[][src]Crate unflappable

Debounce a noisy digital input signal.

Even digital input signals can be noisy. The example usually cited is the flapping of physical contacts in a button or switch, but RF line noise can also cause digital input signals to bounce. Robust devices and embedded systems must debounce inputs.

This crate is a batteries-included embedded-hal InputPin debouncer, using the integration-based algorithm described by Kenneth A. Kuhn in a code sample on his website. You are highly recommended to read the code comments there.

Minimum supported Rust version

This crate makes use of trait bounds on a const fn, which is currently unstable. Therefore, we require use of the nightly compiler. When rust-lang/rust#67792 stabilizes, we will establish a MSRV policy.

Usage

You need to bring just a few things:

  • An InputPin, perhaps provided by a peripheral access crate (PAC) or hardware abstraction layer (HAL) for your chip.
  • An implementation of the Debounce trait, maybe just one from the default module.
  • Some way to regularly call the poll() method at about the right frequency (where "right" means "roughly consistent with the assumptions made in the Debounce trait implementation"). This may be an interrupt service routine (ISR), or it could just be a spin-delayed call from your main loop.
  • Storage for the debounce state. If you're using an ISR for polling, you'll want this to be a static.

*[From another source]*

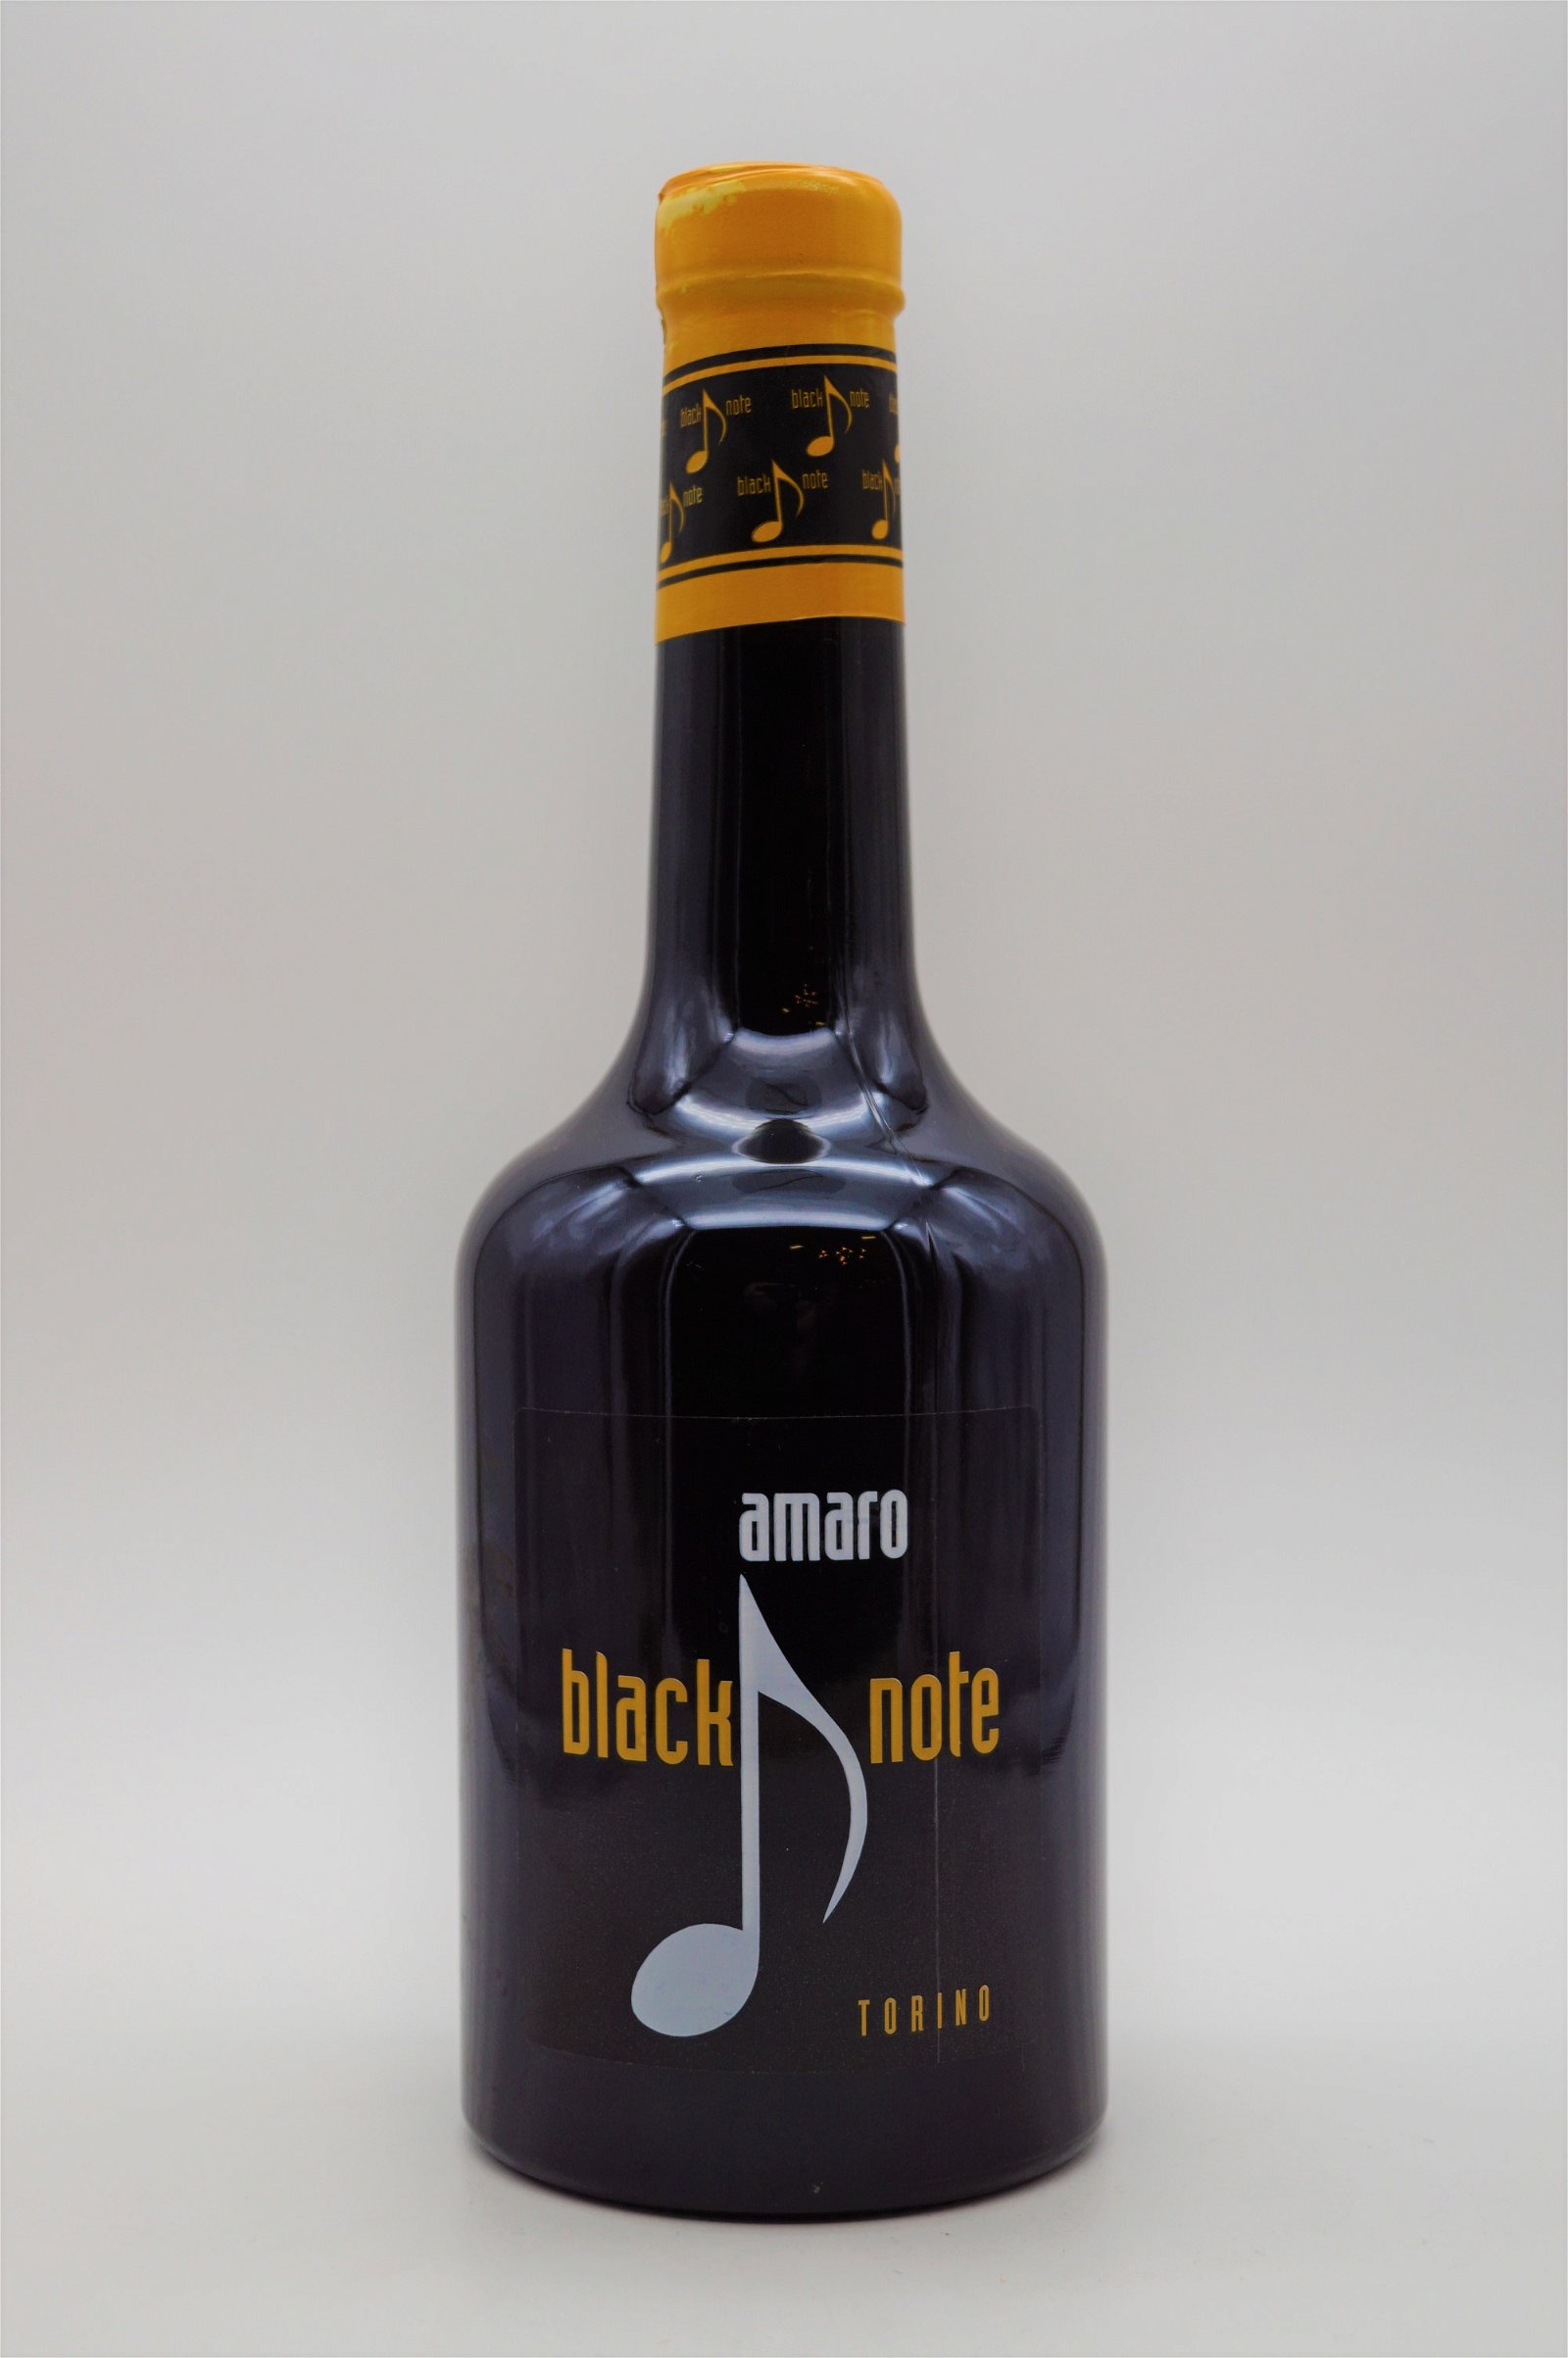 Black Note Amaro Torino

Once you've worked out these details, the unflappable crate will take care of the rest.

[dependencies]
unflappable = "0.1"

Your implementation will consist of three major steps:

Create the debouncer.

If you're storing state in a static, that might be:

use unflappable::{debouncer_uninit, Debouncer, default::ActiveLow};
static DEBOUNCER: Debouncer<PinType, ActiveLow> = debouncer_uninit!();

Initialize the debouncer.

Next, initialize the Debouncer. You pass in the input pin and get back the debounced pin. If you're storing state in a static, that might look like this:

let debounced_pin = unsafe { DEBOUNCER.init(input_pin) }?;

See the docs on the init() method for safety details. Generally, if you haven't yet enabled interrupts you'll be fine.

Poll the debouncer.

On a regular basis, make a call to the poll() method of Debouncer, which might look like this:

unsafe {
    DEBOUNCER.poll()?;
}

Again, see the docs on the relevant method for safety information. The main idea here is that you should only ever poll() from one place in your code. We'd use a &mut reference, but, well, it's in static storage.

Modules

default

Some default configurations.

Macros

debouncer_uninit

Create a new uninitialized Debouncer.

Structs

Debounced

A debounced pin.

Debouncer

A pin debouncer.

InitError

An error indicating that once-only initialization has been violated.

Enums

DeinitError

An error that arose during deinit.

PollError

An error that arose during polling.

Traits

Debounce

Static configuration of the debouncing algorithm.